EXERCISE OBJECTIVE = Write out, word for word, every line in the data below from the one containing "Hiring a doula" to the one containing "Noble and Grace Hollow is a North Louisian", both of them included.

RECORDS FOR PROCESSING =
----------------

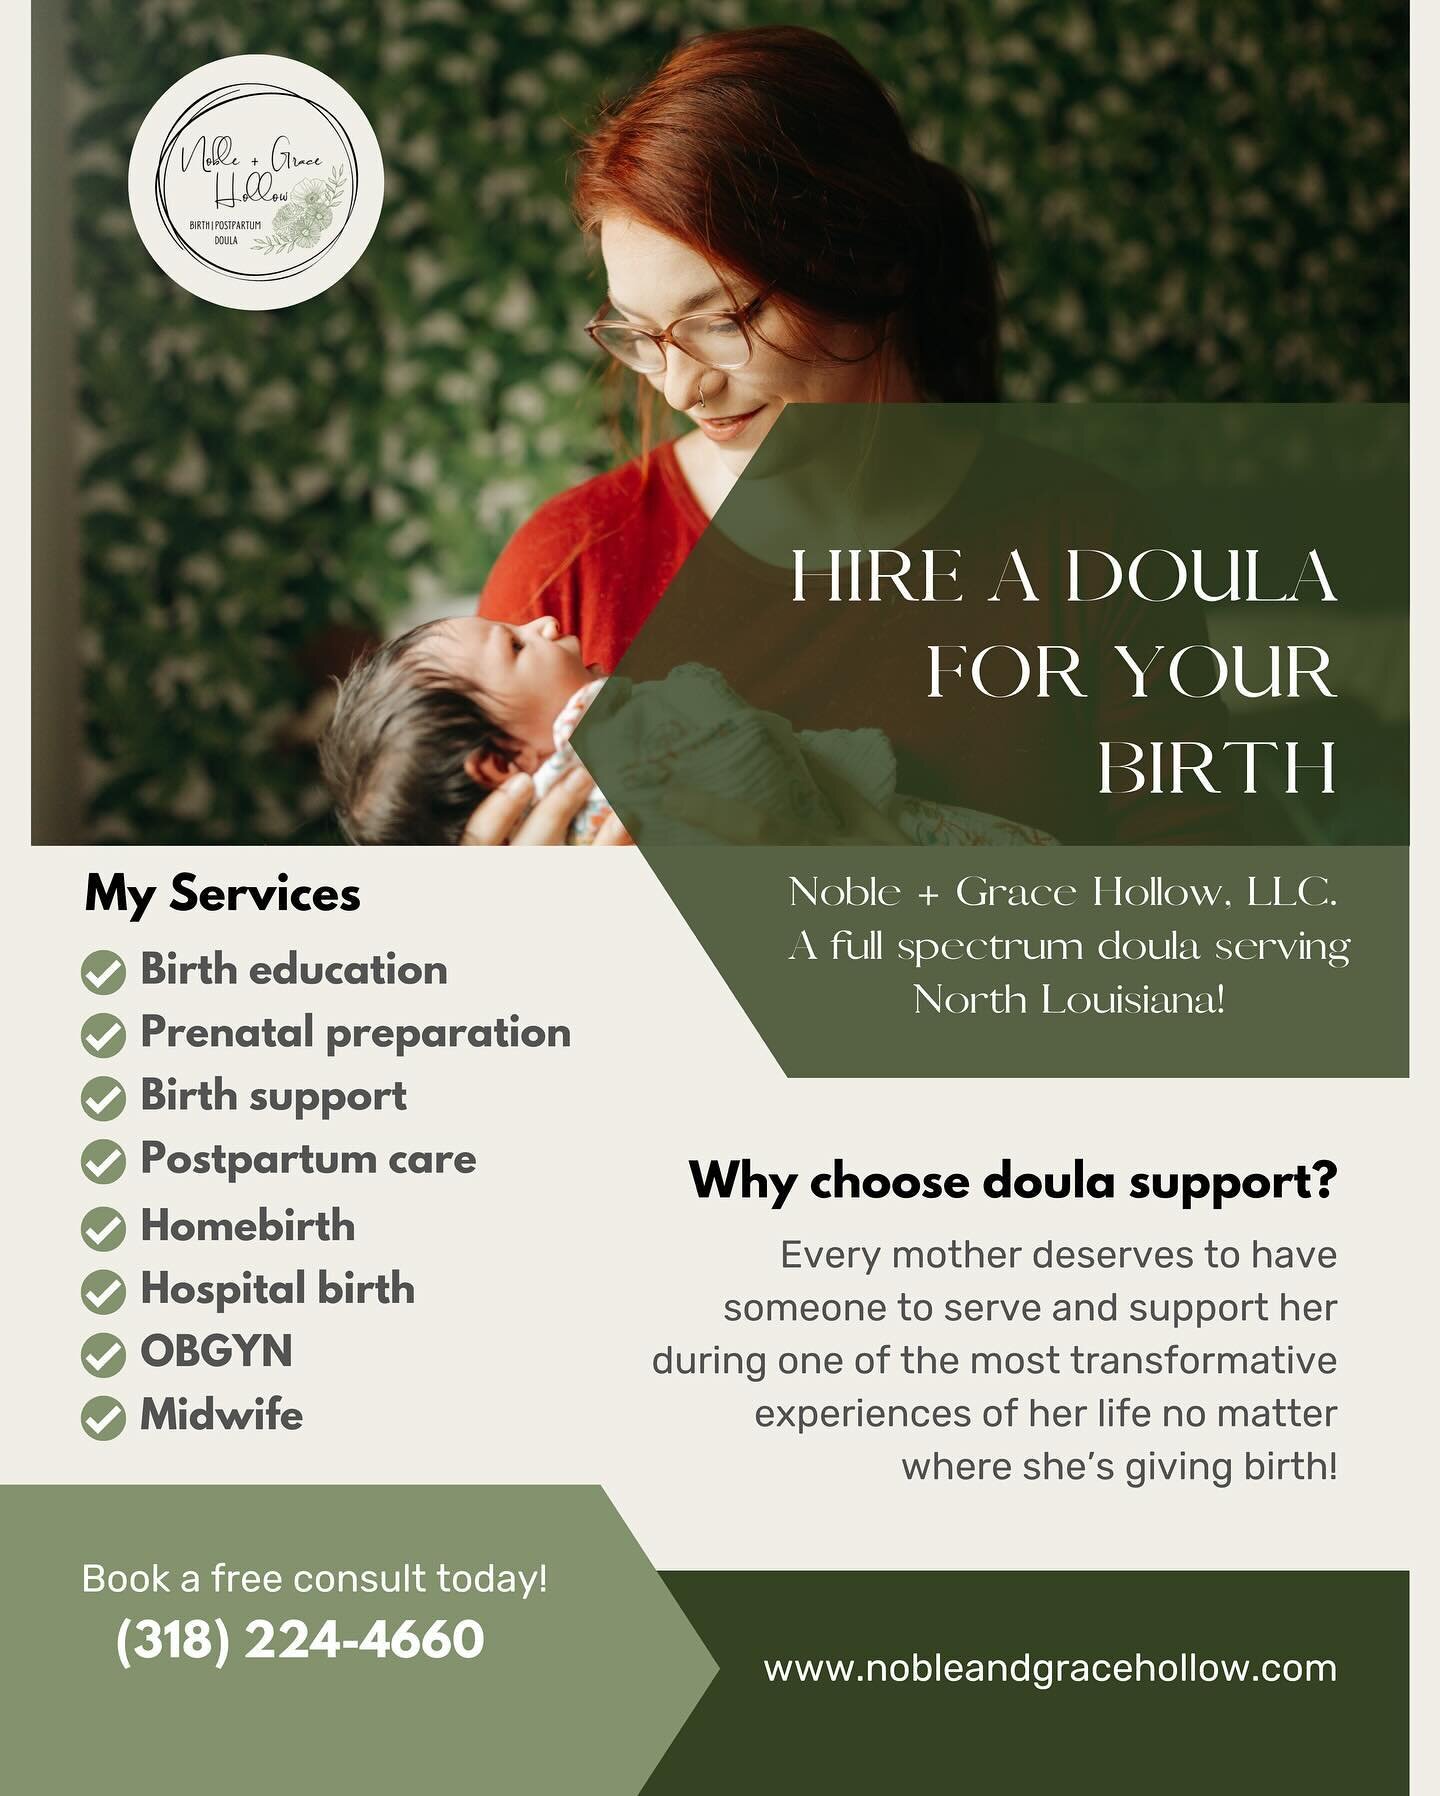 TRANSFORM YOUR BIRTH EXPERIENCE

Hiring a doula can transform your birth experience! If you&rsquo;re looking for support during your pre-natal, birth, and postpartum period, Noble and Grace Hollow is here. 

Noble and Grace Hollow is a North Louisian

----------------

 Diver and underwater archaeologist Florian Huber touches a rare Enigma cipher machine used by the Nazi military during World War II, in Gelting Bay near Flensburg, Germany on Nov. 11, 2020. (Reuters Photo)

----------------

WRITTEN SOLUTION =
Hiring a doula can transform your birth experience! If you&rsquo;re looking for support during your pre-natal, birth, and postpartum period, Noble and Grace Hollow is here. 

Noble and Grace Hollow is a North Louisian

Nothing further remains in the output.